Fabuleux destin que celui de Giovanni Battista Lulli (1632-1687) qui, né à Florence d’un père meunier, rencontrera en France, avec l’amitié de Louis XIV, la gloire, les privilèges et une place de choix dans l’Histoire de la musique française. Vincent Borel suit de façon chronologique le cours de la vie du surintendant de la Musique du roi, tout en marquant des pauses afin de dresser, en quelques mots, de brefs portraits des personnages que Lully croise. L’auteur ne s’embarrasse pas de courbettes : le style est direct, le vocabulaire parfois contemporain voire familier, le discours passionné et toujours passionnant. Voilà un essai amoureux qui, confrontant ceux qu’il nomme « les deux Baptiste », cherche à rétablir la réputation d’un Lully conspué par les admirateurs de Molière.
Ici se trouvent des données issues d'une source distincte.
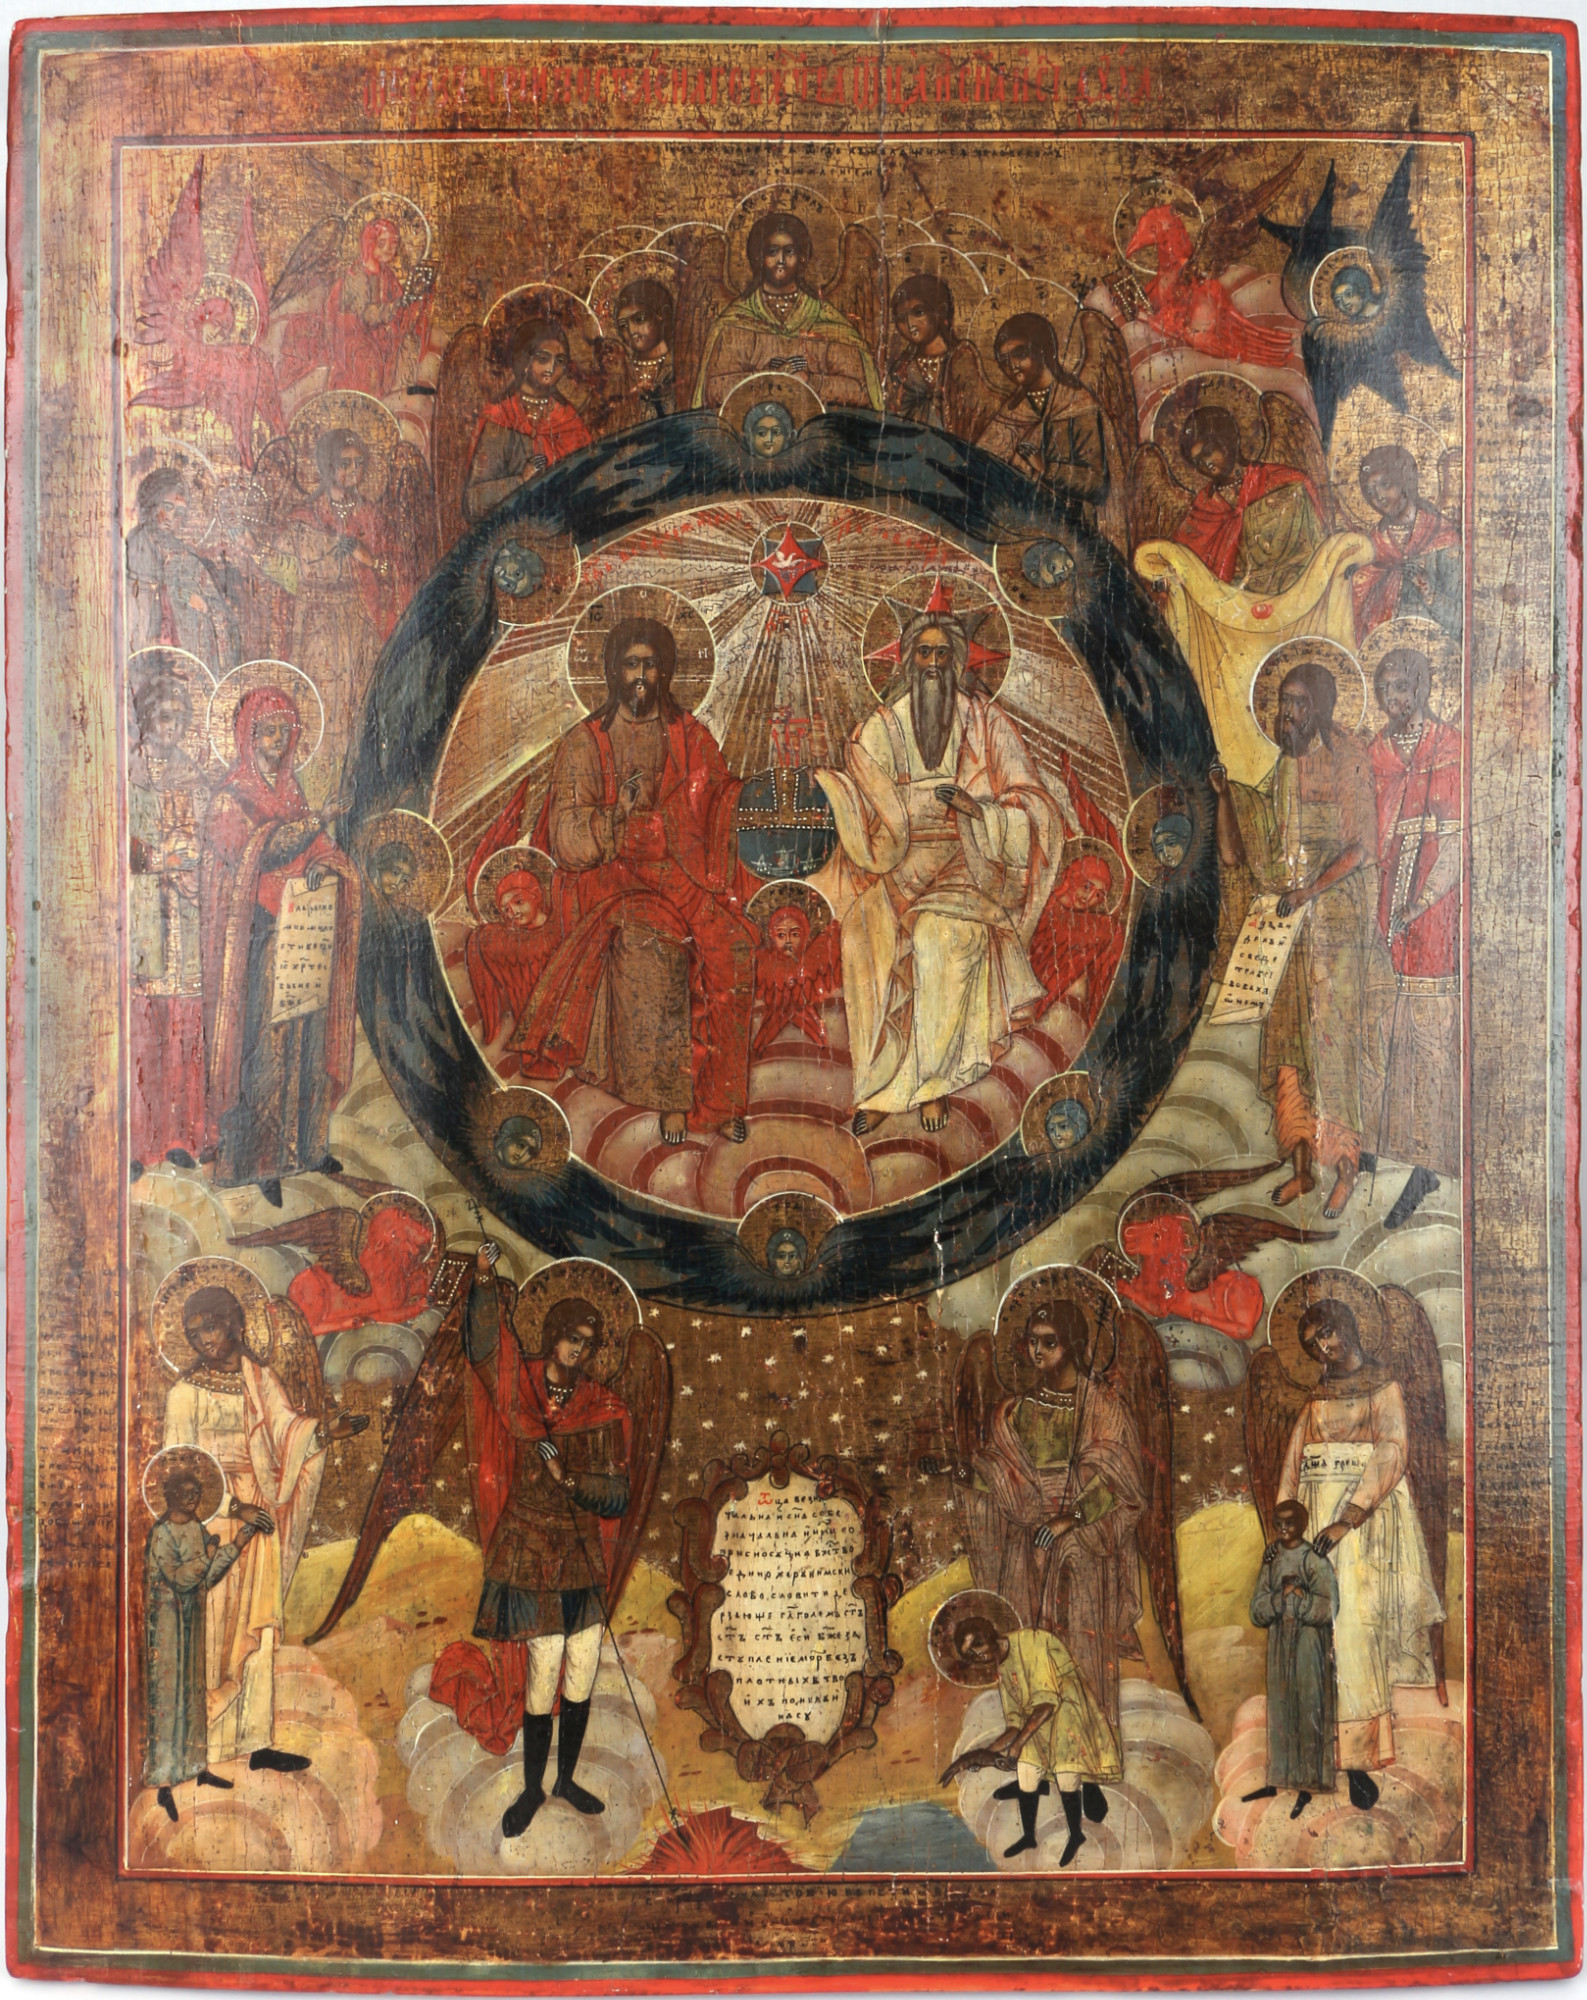 Russia large icon Christ and God the Father as judges of the world 19th century, Russland Ikone Chri
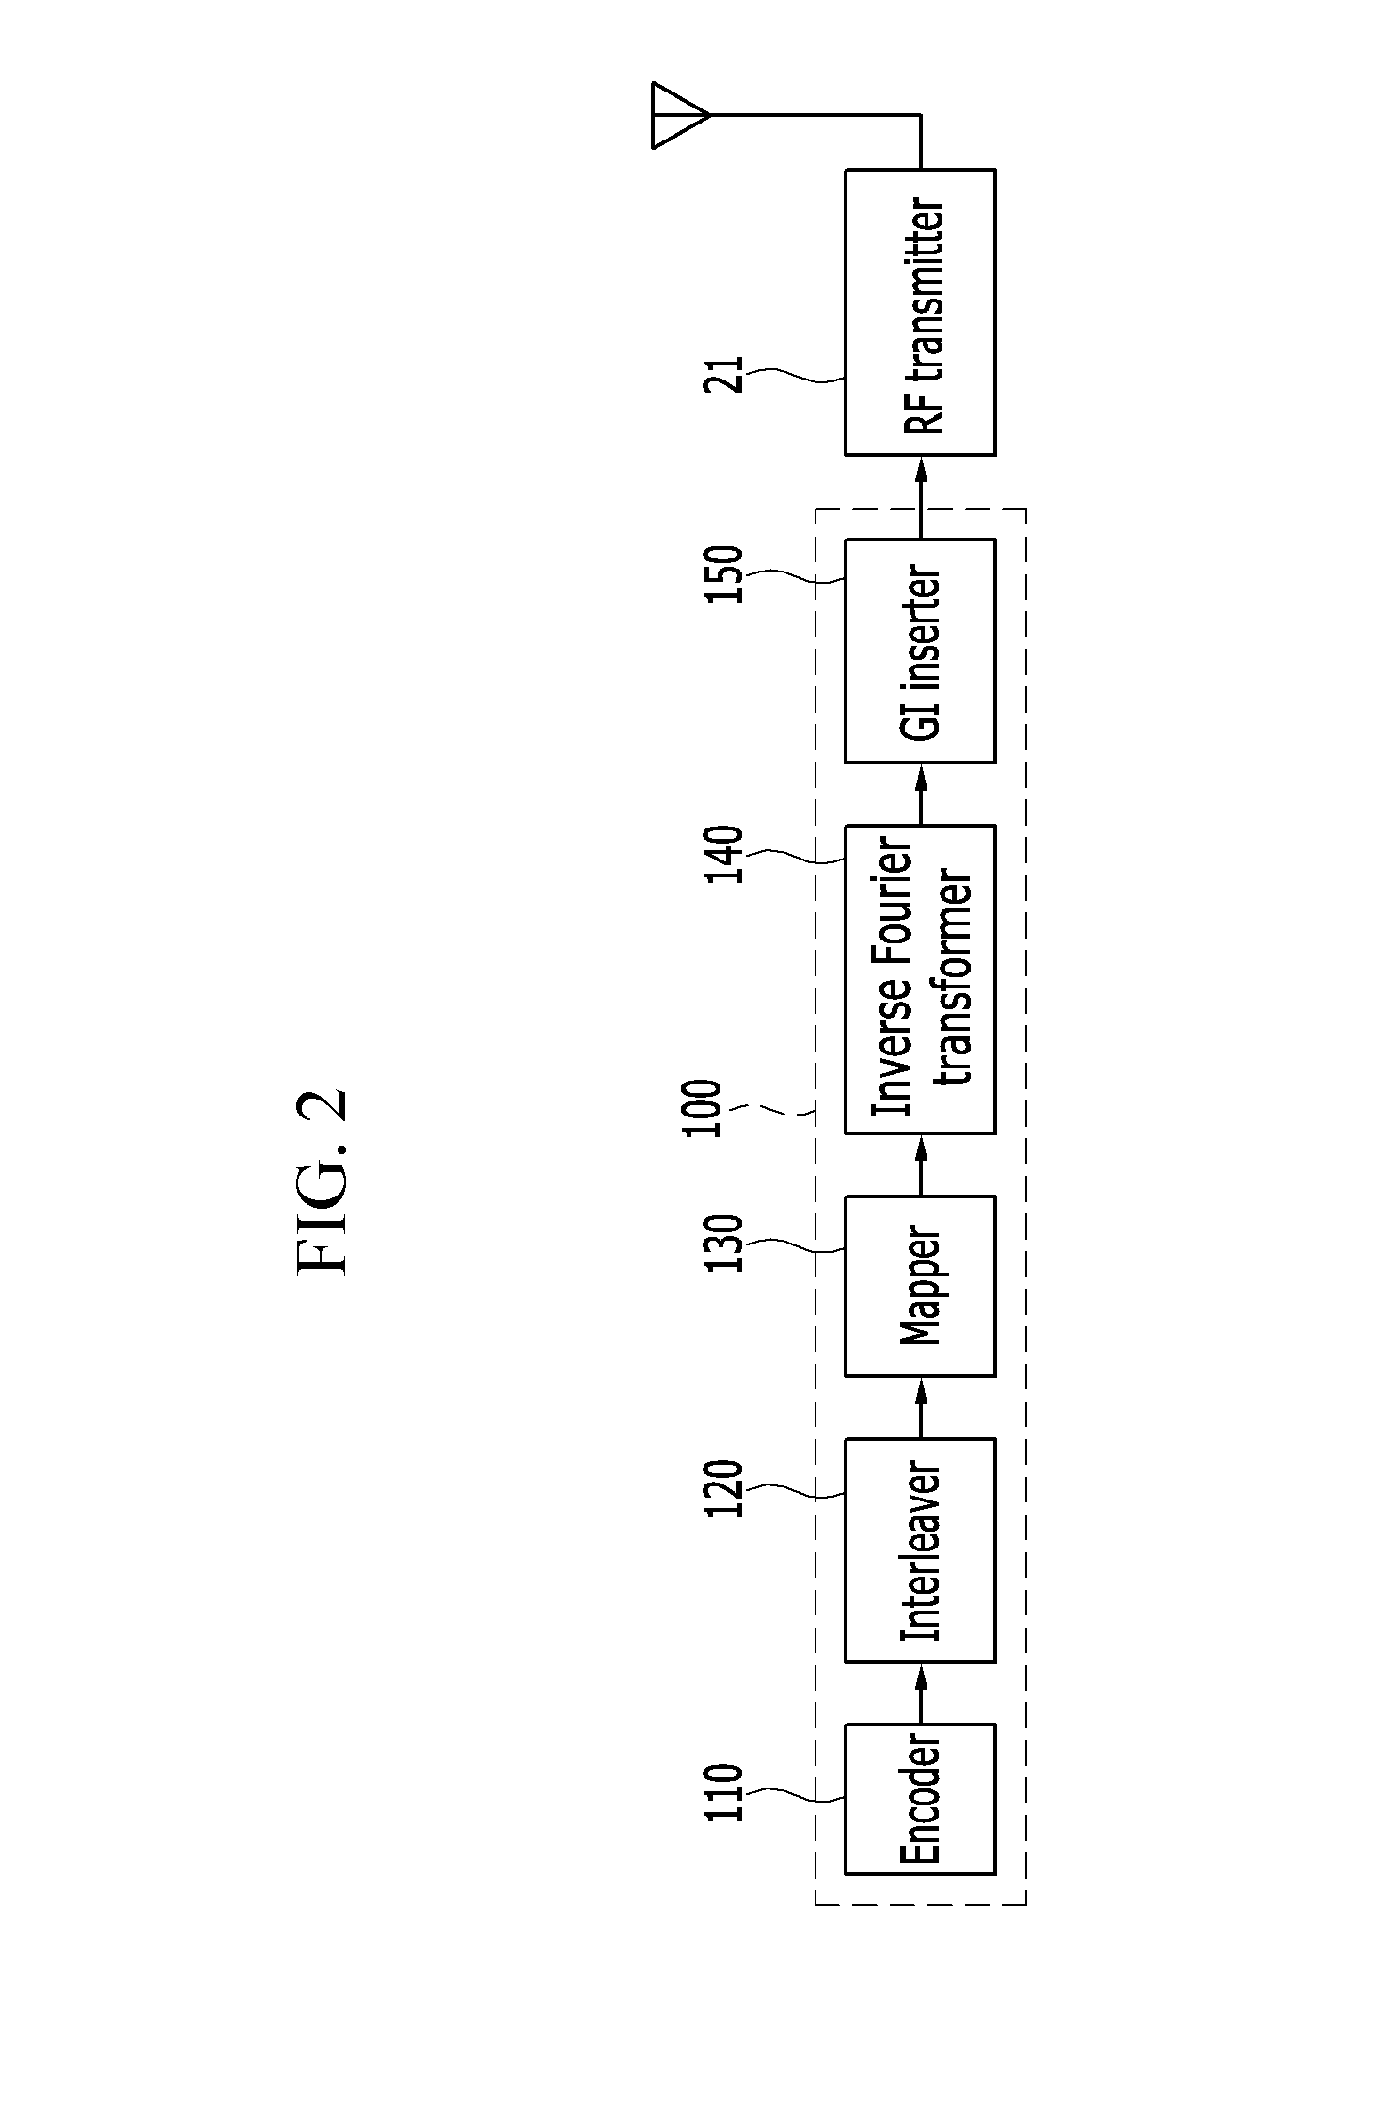 Method for transmitting frame, clear channel assessment method, and apparatus implementing the same method

On lit comme un roman cet ouvrage concis et qui va à l’essentiel, avec lequel Vincent Borel livre une parfaite introduction tant à la vie qu’à l’art de . L’auteur montre comment Lully a inventé l’opéra français (le modèle de sa tragédie lyrique demeurera quasiment inchangé jusqu’à Rameau), mais étend aussi son propos à une réflexion esthétique plus large, sur la spécificité de la musique française (importance de la danse dans l’opéra, importance de l’amour dans le livret, abandon de la stricte distinction italienne récitatif/airs virtuoses au profit d’une plus grande unité des scènes et d’un chant clair et fluide, etc. ), et évoque l’influence de l’évolution des mœurs sur l’Histoire des Arts (mécénat du jeune Louis XIV, succès puis défaveur du ballet de cour, austérité de la Cour sous l’influence Mme de Maintenon, etc. ). La thèse qui sert de fil conducteur en est la rencontre artistique unique qui se produit entre le « fils de meunier florentin » fraîchement débarqué à Paris pour y trouver la gloire et son cadet de six années, le jeune Roi-Soleil. Le destin du musicien épouse celui de son protecteur, comme en témoigne la même métaphore solaire dans laquelle l’auteur réunit les deux hommes. A Roi-Soleil, musicien soleil qui s’éteint lorsqu’il perd la protection royale. En témoignent les titres des chapitres : « Levers de Soleils », « le Zénith » ou encore « l’Eclipse ». Une éclipse, une disparition qui n’est donc que momentanée, car, – et c’est là l’autre intérêt du livre – le romancier et chroniqueur montre avec habileté l’extraordinaire rayonnement européen du modèle lullyste (« L’Héritage »). L’ouvrage s’enrichit d’une chronologie et d’une petite bibliographie mais surtout de précieuses indications discographiques qui font le point sur nos actuelles possibilités d’accès à la découverte du patrimoine lullyste.